Flaxman Charles John Spurrell (8 September 1842 – 25 February 1915) was a British archaeologist, geologist and photographer who worked mainly in Kent and East Anglia. He was also a noted egyptologist, working closely with Flinders Petrie.

==Family and early life==
Born at Mile End in Stepney, London, Spurrell was the eldest son of Dr. Flaxman and Ann Spurrell and a descendant of the Spurrell family of Norfolk. He was a nephew of the Rev. Frederick Spurrell, a fellow archaeologist, and an uncle of the biologist and author Herbert George Flaxman Spurrell.

Not long after his birth, the family settled at Bexley in Kent, living for many years at The Priory, Picardy Road, Belvedere (later home to the Priory Conservative Club).

Spurrell was educated at Epsom College and went on to study medicine, although he never completed his studies.

==Archaeological work==
By the late 1850s Spurrell had developed an interest in archaeology and geology in the North Kent area and was encouraged to pursue his interest by his father, who had been a founding member of both the Kent Archaeological Society and the West Kent Natural History, Microscopical and Photographic Society. He began to examine flint implements in and around Crayford and was, according to Nesta Caiger, “the first archaeologist to study fully the many deneholes which were dug in Kent and Essex”, many of which he descended into, examined and photographed. He visited and investigated dozens of other sites, including prehistoric and Roman sites on both sides of the Thames estuary.

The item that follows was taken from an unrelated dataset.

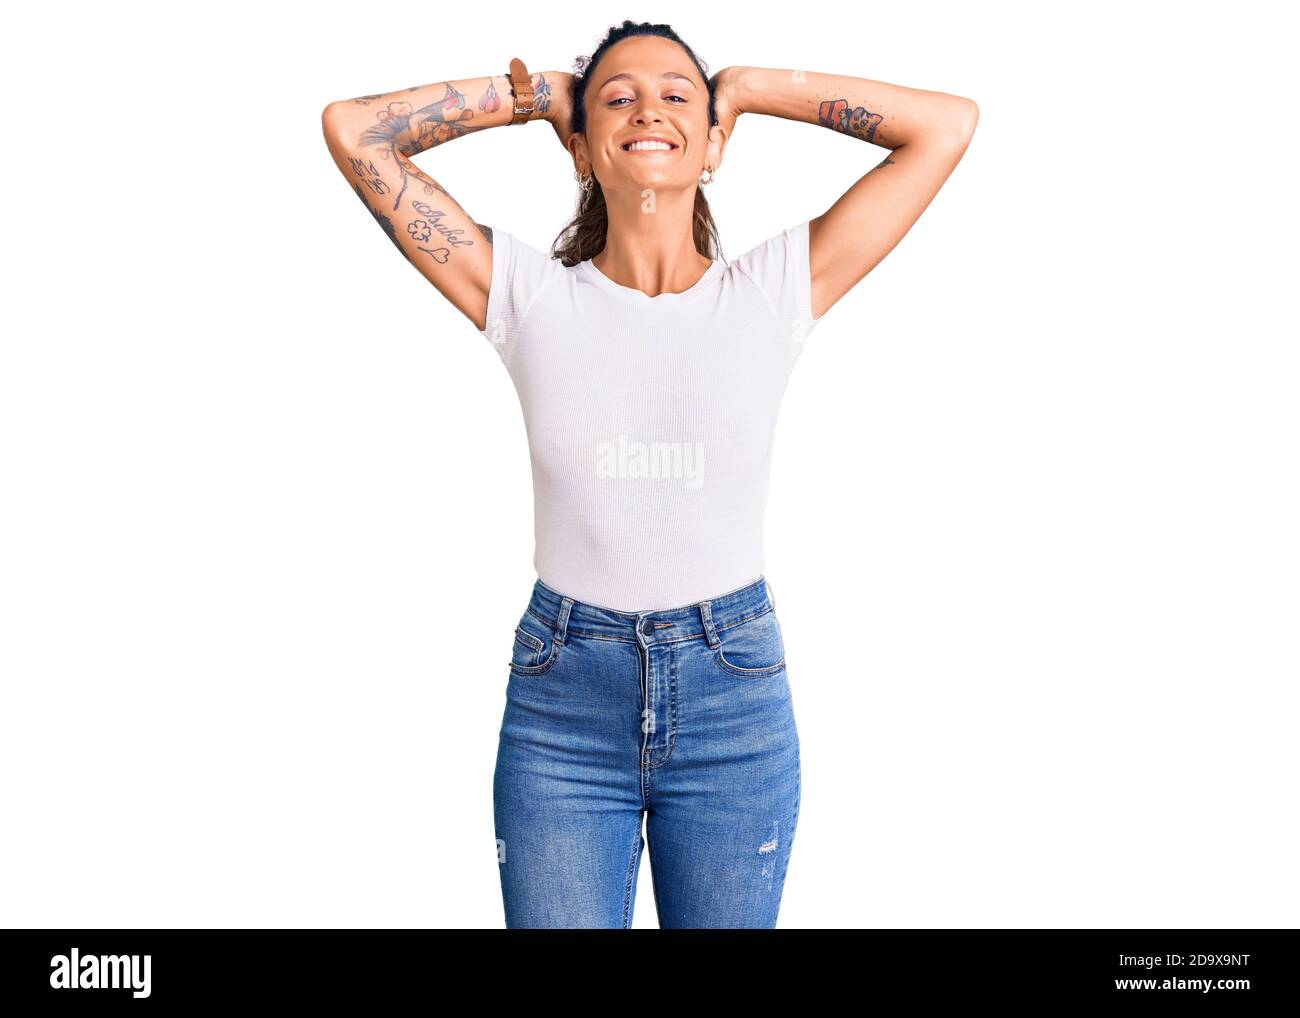 Junge hispanische Frau mit Tattoo tragen lässige weiße T-Shirt entspannen und Stretching, Arme und Hände hinter Kopf und Hals lächeln glücklich Stockfoto

Spurrell discovered an Acheulean “chipping floor” at Stoneham's Pit in Crayford and the Middle Palaeolithic site later known as Baker's Hole in the Ebbsfleet Valley. He was the first to publish on the archaeological technique of refitting lithic artefacts, which he called “restoration”. Along with documenting fine-scale artifact distributions, he used refitting to validate the integrity of archaeological context, a technique that gained great popularity 100 years later in the 1980s. In his 1884 article in the Journal of the Anthropological Institute of Great Britain and Ireland, Spurrell used refitting and replication experiments to establish the various differences in “style and method of chipping” with the goal of establishing the evolution of cognition in ancient humans. He also recognized the differences between formal tool production and expedient tool use. These approaches are standard analytical procedures and concepts in Stone Age archaeological studies in the 21st century.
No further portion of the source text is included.